From Yewdale, the quiet vale of Tilberthwaite corkscrews northwards between brackened and craggy fells into a narrow wooded corridor that reaches the River Brathay in picturesque Little Langdale. A predominance of thick oak and deciduous woods cloak the valley flanks and bottom. Within these woods, old slate quarries litter the landscape, bearing testament to a once prosperous industry. The band of woodland before the descent to Stang End Farm is known locally as Sepulchre Wood and it is said that plague victims who died in Little Langdale were once buried here. After Stang End Farm, the route crosses the River Brathay and soon reaches Little Langdale village, with the Three Shires Inn at its heart. The inn is named after the Three Shires Stone, which stands near the summit of Wrynose Pass, where the old counties of Lancashire, Westmorland and Cumberland met. Leaving the village, the route re-crosses the Brathay by the famous Slater Bridge, which spans the Brathay with two great slabs of slate and a stone arch. It has been speculated that the narrow arch portion of the bridge may be of Roman origin.

Gaping quarries

This walk begins by the gaping hole of Hodge Close Quarry. Extending into Parrock Quarry through a great rock archway, this is reputedly one of the largest artificial holes in England. The quarry, last worked in the early 1970s, is around 100ft (30m) deep, and great caution should be exercised if approaching the edge. Apart from its visible extent, a great water-filled sump leads through tunnels to large underground chambers known as Close Head Quarries. Local folklore tells of Jim Birkett, then apprentice river, or splitter, of the slate, who in the 1930s travelled the length of the quarry hanging by one hand from the jib of an aerial ropeway. Although the edges of the quarry frequently peel away due to the slatey cleavage of the rock, it is a popular recreation area and stones must never be thrown into the workings. Below the rim, often hidden from above, rock climbers scale the walls and divers explore the depths of the deep sump of water.

Walk directions

From the parking area, follow the road down through the hamlet of Hodge Close and on through a gate. The road continues as a track, though classed as a public road, descending into the woods. Follow the track, past open fields and through more woods before a short descent leads to Stang End Farm.
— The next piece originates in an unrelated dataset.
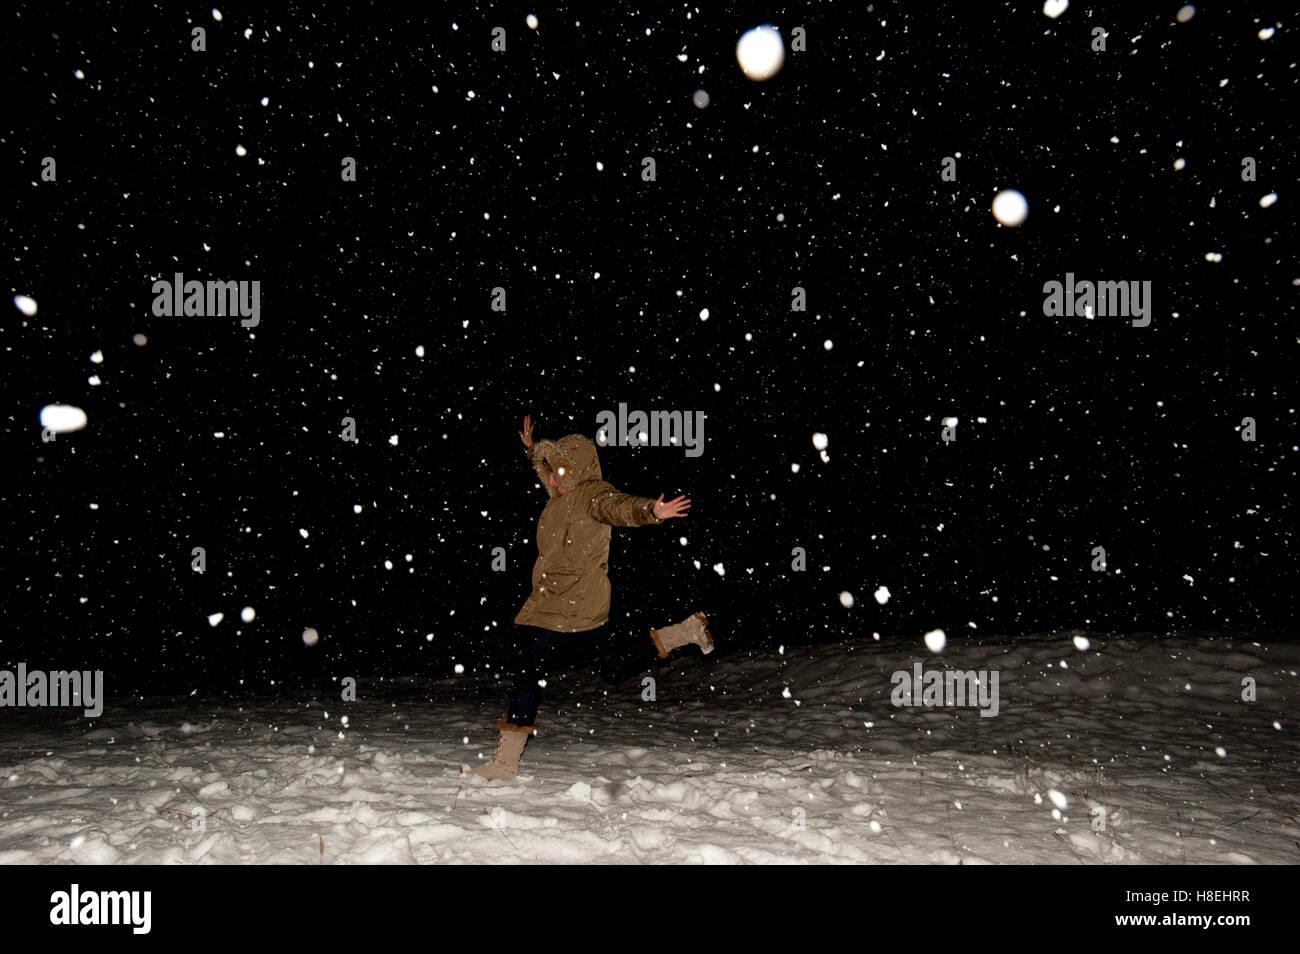 Snowfall at night lit up by a flashgun, Falcade, The Dolomites, Italy, Europe - Stock Image

Bear left to find a gate immediately to the left of the first cottage. Pass through the gate, which has a footpath sign, and follow the track down between stone walls. The track opens into a field with a gate and stile. Follow the path bearing right and crossing the field, often flooded, to cross the Lang Parrock footbridge, with steps at both ends, spanning the River Brathay. Ascend the field and take the gate out onto the road. Go left up the road through Little Langdale village to pass the Three Shires Inn.

Turn left on a lane signed ‘Tilberthwaite. Not recommended for cars’. Pass the white house of Low Birk How to reach steps and a gate on the right. Follow the path up more steps and over the rise to a gate. Follow the narrow path beneath the rocks and through a gap in a stone wall. Descend to a second gap and turn left to Slater Bridge.

Cross the bridge and the stile beyond then go up to a gate onto a track. Go right to pass Low Hall Garth and rise steeply past High Hall Garth. The track leads through a gate and fords a stream. Climb more gently to a junction in a few hundred yards; there’s a signpost, and Pike o’Stickle appears dramatically beyond the low gap of Blea Tarn.

Go sharp left, up the track and over the high shoulder of Knotts. The route is popular with a variety of traffic, including 4x4 off-roaders, and is severely eroded in places, but is always easy to follow. It eventually descends into the farmyard of High Tilberthwaite.

Turn sharp left to follow the low-level track back along the valley. The track enters woods, passing cave-like quarry workings and heaps of slate spoil before making a curving descent to the right. At the bottom turn right and continue to cross the stream of Pierce How Beck by a slab bridge.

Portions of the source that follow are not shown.